Benthic Habitats and the Effects of Fishing

Symposium Abstract: Fast-Track Methods for Assessing Trawl Impacts

R. A. Coggan, C. J. Smith, R. J. A. Atkinson, K. N. Papadopoulou, T. D. I. Stevenson, P. G. Moore, and I. D. Tuck

doi: https://doi.org/10.47886/9781888569605.ch22

Traditional methods for assessing the impact of towed demersal fishing gear are notoriously slow, taking years to report and imposing undesirable delays in the provision of scientific advice on which fisheries and environmental managers can act. There is a need to develop rapid methods for assessing trawl impacts. We evaluate and compare a suite of rapid methodologies covering a range of readily accessible technologies including:

(1) Acoustic methods: sidescan sonar and bottom discriminating sonar (RoxAnn);

(2) Visual methods: towed video sledge and ROV;

(3) Faunal sampling (epibenthic megafauna): tissue damage, community analysis, population density, functional group composition; and

(4) Sedimentology: granulometry, geotechnical properties and sediment profile imagery.

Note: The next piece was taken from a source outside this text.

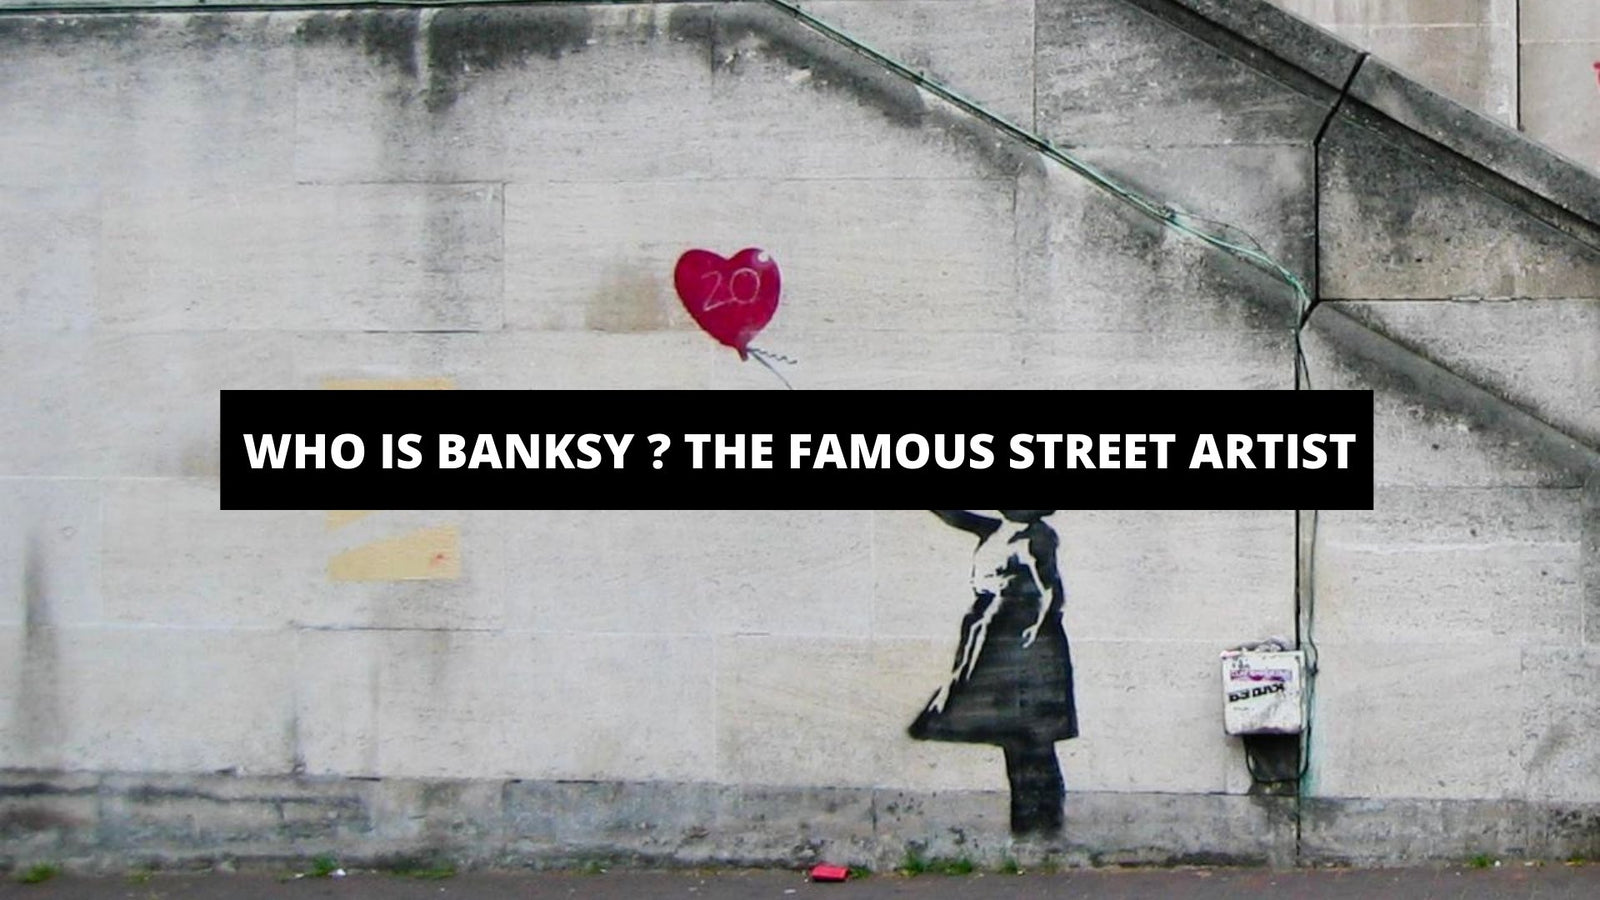 banksy revealed himself
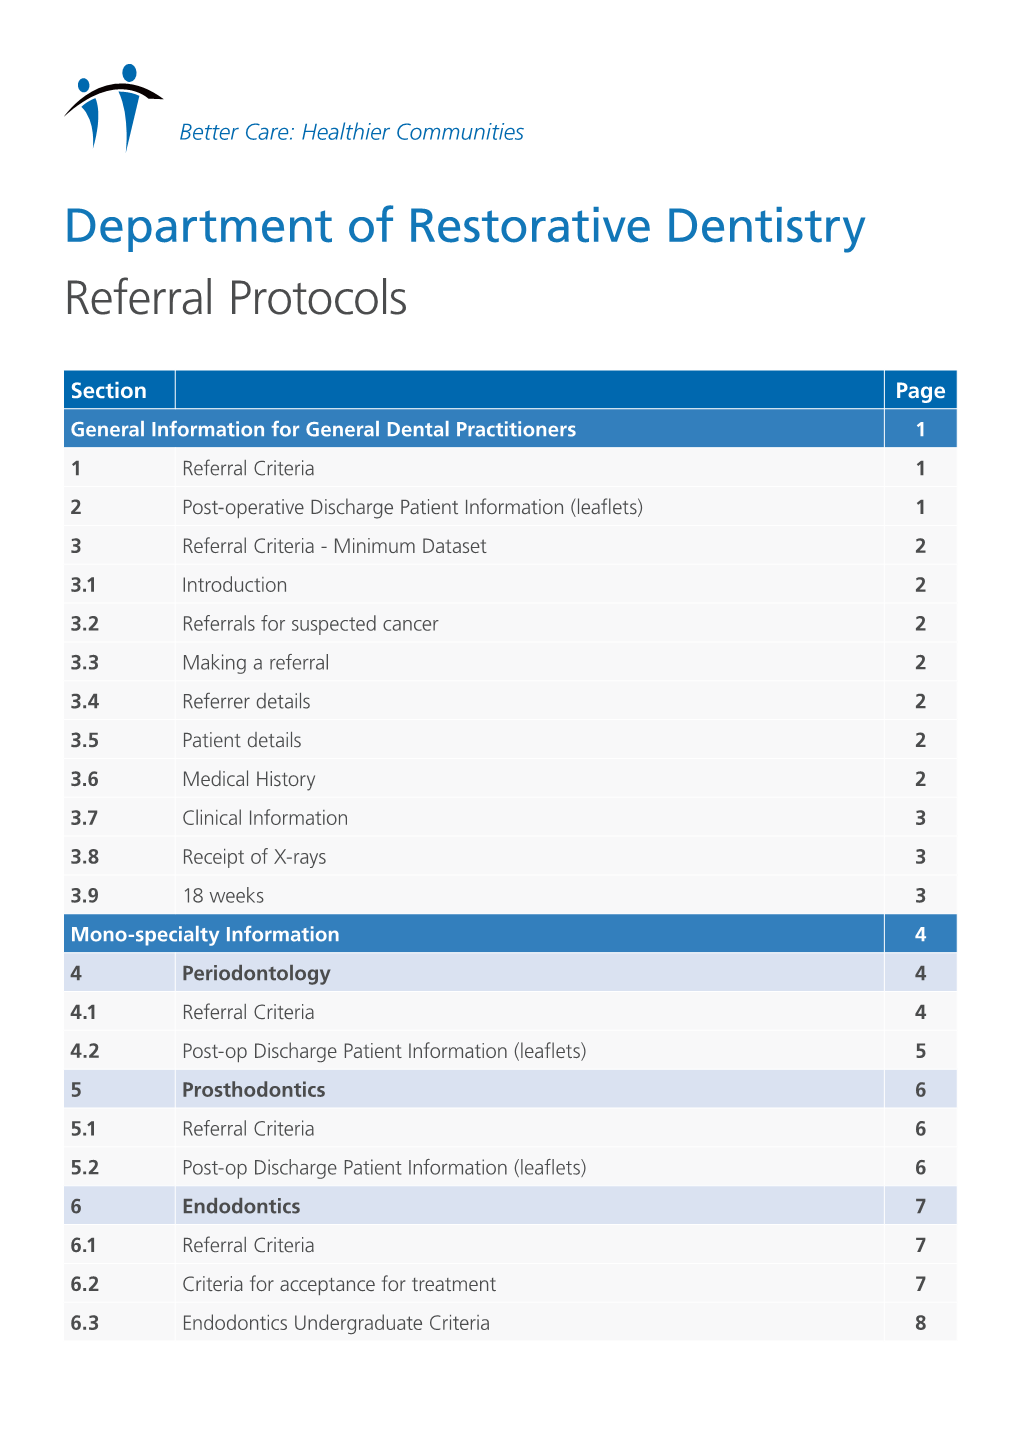 Department of Restorative Dentistry Referral Protocols

These methods were applied to otter trawl fisheries in the Clyde Sea, Scotland and the Aegean Sea, Mediterranean, at sites representing a range of trawl impacts. Novel methods of analysis were developed for quantitative interpretation of sidescan and video records. The scientific effectiveness, cost effectiveness and operational constraints of the various methodologies are reviewed. We recommend suitable approaches to the rapid assessment of trawl impacts taking into consideration the variety of resources (such as time, equipment and budget) which may be available. Assessments should employ complementary methods that operate on different scales of resolution (eg. sidescan sonar with either faunal sampling or ROV). Site-specific factors, such as topography and substratum type, will influence choice of methods and survey design. These rapid methodologies can provide results in a matter of days or weeks rather than the months or years associated with traditional assessment methods.